I'm trying to use the command /usr/bin/man -H 3 free to open the manpage in my browser, but each time I run the command, the browser opens a non-existing file and of course the page cannot be displayed.

What am I doing wrong?

My man command is supplied by man-db

1 Answer 1


At least on my system (Arch Linux, man-db 2.9.4, Firefox 88.0), man creates a temporary directory in /tmp/, writes the generated HTML file in it, invokes the browser with the HTML file as an argument and, when the browser process exits, removes the temporary directory (to clean things up, I guess).

While this creates no issue with some browsers (e.g. Lynx), a race condition may occur with others (Firefox, in my case; I also briefly tested Chromium, getting similar results). As far as I can see, the HTML file is correctly opened if man opens a new browser window. On the other hand, if the man page is opened as a new tab in an existing browser window, the browser process started by man returns early and the file is already gone when a different browser process tries to read it.

I see no man option aimed at preventing the temporary HTML file from being deleted. But, noting that the argument to the -H/--html option (or, equivalently, the value of the BROWSER environment variable) can be a shell command, a quick workaround may be:

BROWSER='firefox %s; sleep 5' man -H 3 free

(sleep gives Firefox time to load the page before the file is deleted; of course, it will be impossible to reload it).

Or, if you are willing to implement your own mechanism for deleting the temporary HTML files:

BROWSER='cp %s /path/to/file.html; firefox /path/to/file.html' man -H 3 free

(This ignores other assets that may be generated alongside the main .html file, which may therefore be rendered incorrectly).

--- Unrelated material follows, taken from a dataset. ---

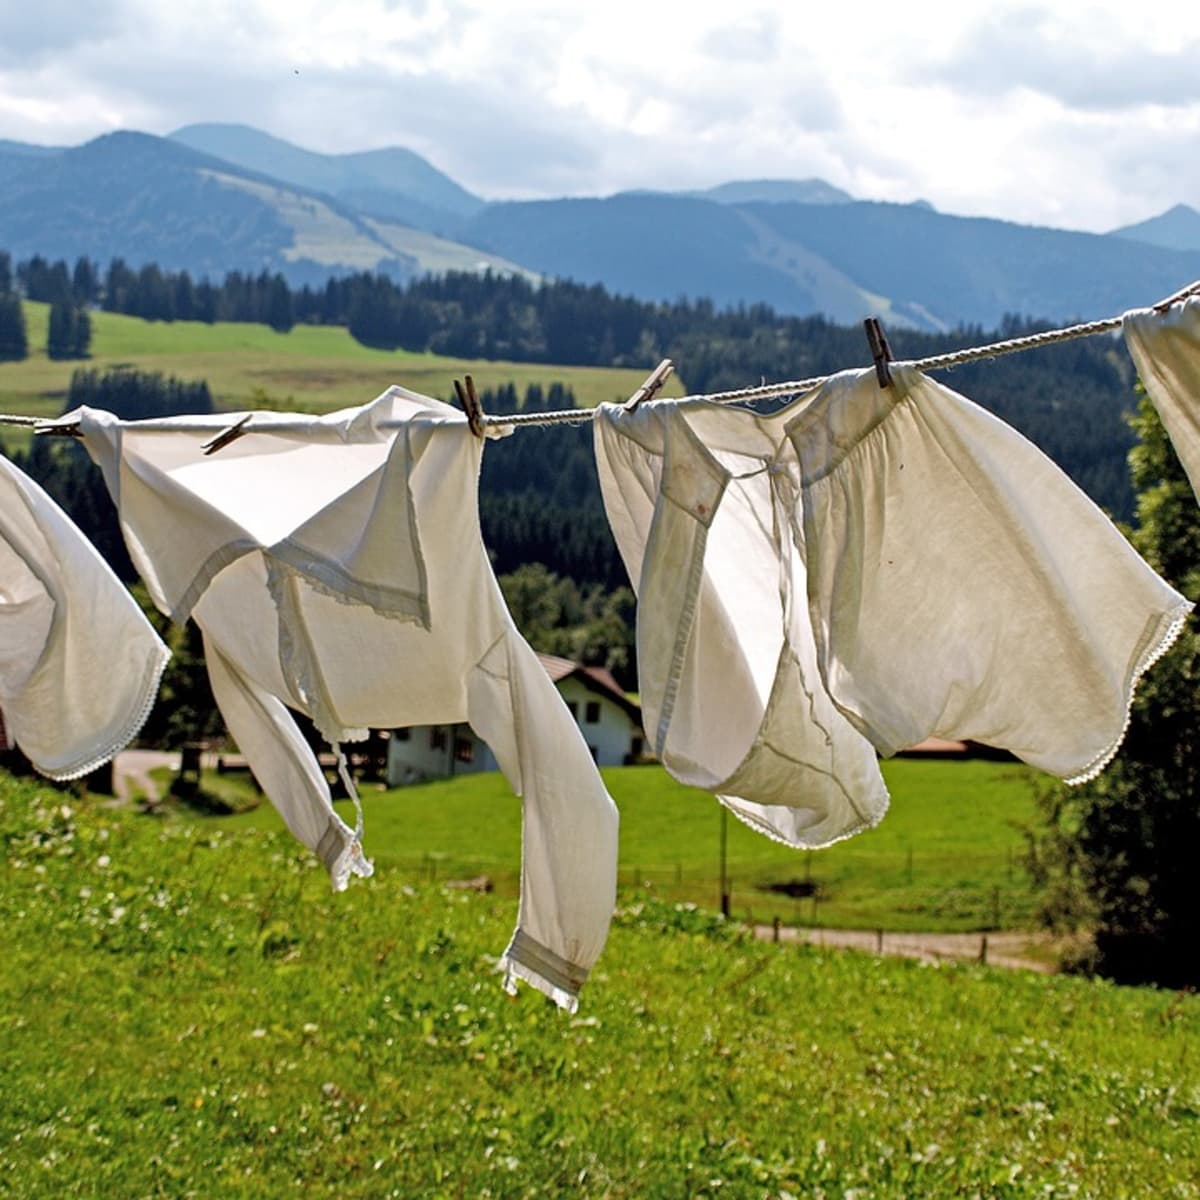 How to dry clothes properly in winter or when it's raining

Or, if you are fine with keeping the temporary directories (e.g. you do not generate lots of them, your /tmp is volatile and your system is rebooted regularly enough):

BROWSER='firefox %s && false' man -H 3 free

(The temporary directory is not deleted when the browser command returns an error to man; as a drawback, an error message is printed because man thinks the browser could not be opened).

Note, also, that the TMP environment variable can be used to tell man where to create its temporary data.

Finally, the chosen workaround can be conveniently made into an alias or a function along the lines of:

alias man='BROWSER="${BROWSER:-firefox} %s && false" man'

See also, for alternative ways to view man pages as HTML:

  • If I unset the BROWSER variable before running the command, the html file is not deleted and the command fails with man: no browser configured, so cannot show HTML output. So it is indeed a race condition. Looking in the source, you see where they create the folder and file, and finally when they think the browser is closed, they remove the folder. It looks like it has been reported
    – smac89
    Commented Apr 27, 2021 at 17:57
  • I will see if firefox has an option to not fork when being opened
    – smac89
    Commented Apr 27, 2021 at 18:00
  • @smac89 The issue seems to only concern man pages opened in existing browser instances. A clean solution is unlikely to exist, in that case the process started by man can only exit; the file given to it as an argument is opened by a different process after some inter-process communication man can't have knowledge of/control on.
    – fra-san
    Commented Apr 27, 2021 at 20:53
  • A clean solution can exist: Cache the opened man pages. It not only solves the problem, but can also provide a means for reducing the number of times the same html page is regenerated. You can use the stat of each file to determine if it's been in the cache for too long, then create a new copy. The last solution seems it would be the best
    – smac89
    Commented Apr 27, 2021 at 22:19
  • Another option is if there is a MAN_BROWSER environment variable that mandb reads and only falls back to BROWSER if this is not defined. Then we can use that to setup any custom options required by the browser.